The comparison of the models studied here with the models from other studies is challenging because the majority of the studies on CRC focused on CRC identification using cutting-edged markers, which is different from the purpose of the present study, which was to use markers commonly tested in routine medical practice. Therefore, other studies included different variables and tested different models, but such a comparison still has some value. Table 4^{19,20,22,25,28,29} presents the results from previous studies and those of the present one. AUC reflects the overall diagnostic efficiency of the models. Sensitivity indicates the probability that CRC cases are correctly diagnosed, specificity that the non-CRC individuals are correctly classified.
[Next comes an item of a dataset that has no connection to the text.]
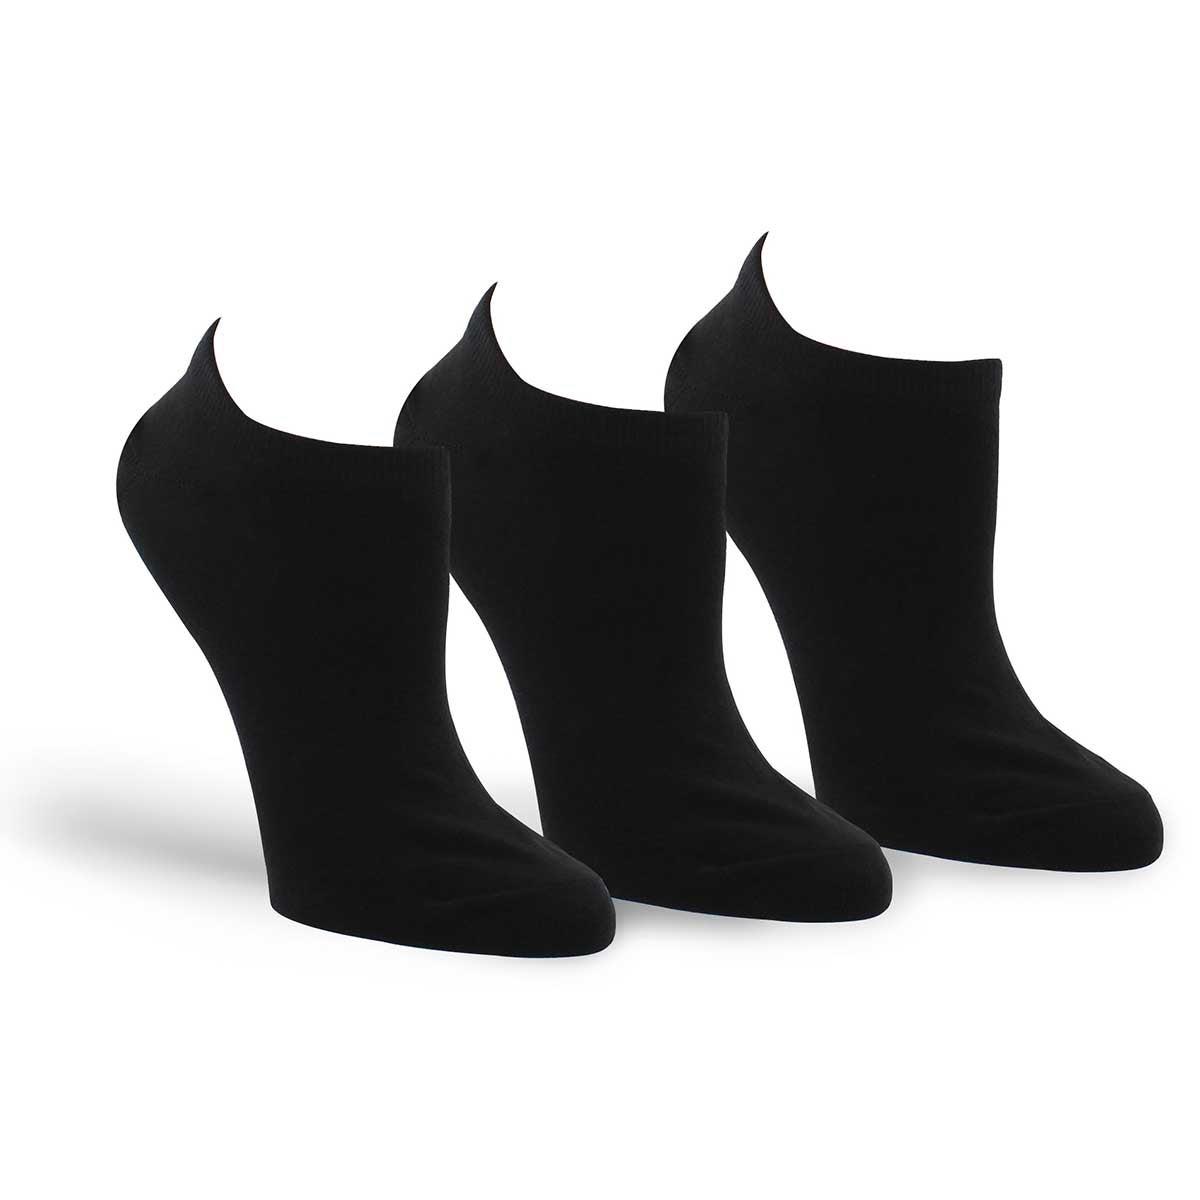 Women's CONVERSE black ankle socks - 3 pack

PPV is the proportion of actual CRC patients in individuals diagnosed with CRC by the model, and NPV is the proportion of actual non-CRC individuals in those classified as non-CRC ones by the model. The molecular biological techniques obviously had higher accuracy in terms of AUC. Long et al.²⁵ found that the random forest model based on high-throughput omics was the best method for prediction tasks and achieved the highest AUC of 0.998. Nakajima et al.²⁰ used the ADTree model, which is a kind of decision tree based on a boosting algorithm, to develop the prediction model and obtained good predictive value than others, but only 59 patients were included, which is small for a validation study. The next two studies both focused on the early prediction of CRC. In the study by Wan et al.,²² the logistic regression combined vector machine was used in whole-genome sequencing of plasma cell-free DNA; the AUC and sensitivity were similar to the proposed model. Hornbrook et al.¹⁹ used sex, age, and complete blood count data to identify early-stage CRC; the AUC was 0.80, which is not optimal. Kinar et al.²⁸ used complete blood count data and achieved an AUC of 0.82, close to that of Hornbrook et al..¹⁹ Zhao et al.²⁹ used age, body mass index (BMI), and gut bacteria to achieve an AUC of 0.942.

Table 4.

Comparison of Performance Between the Proposed Model and From Other Studies.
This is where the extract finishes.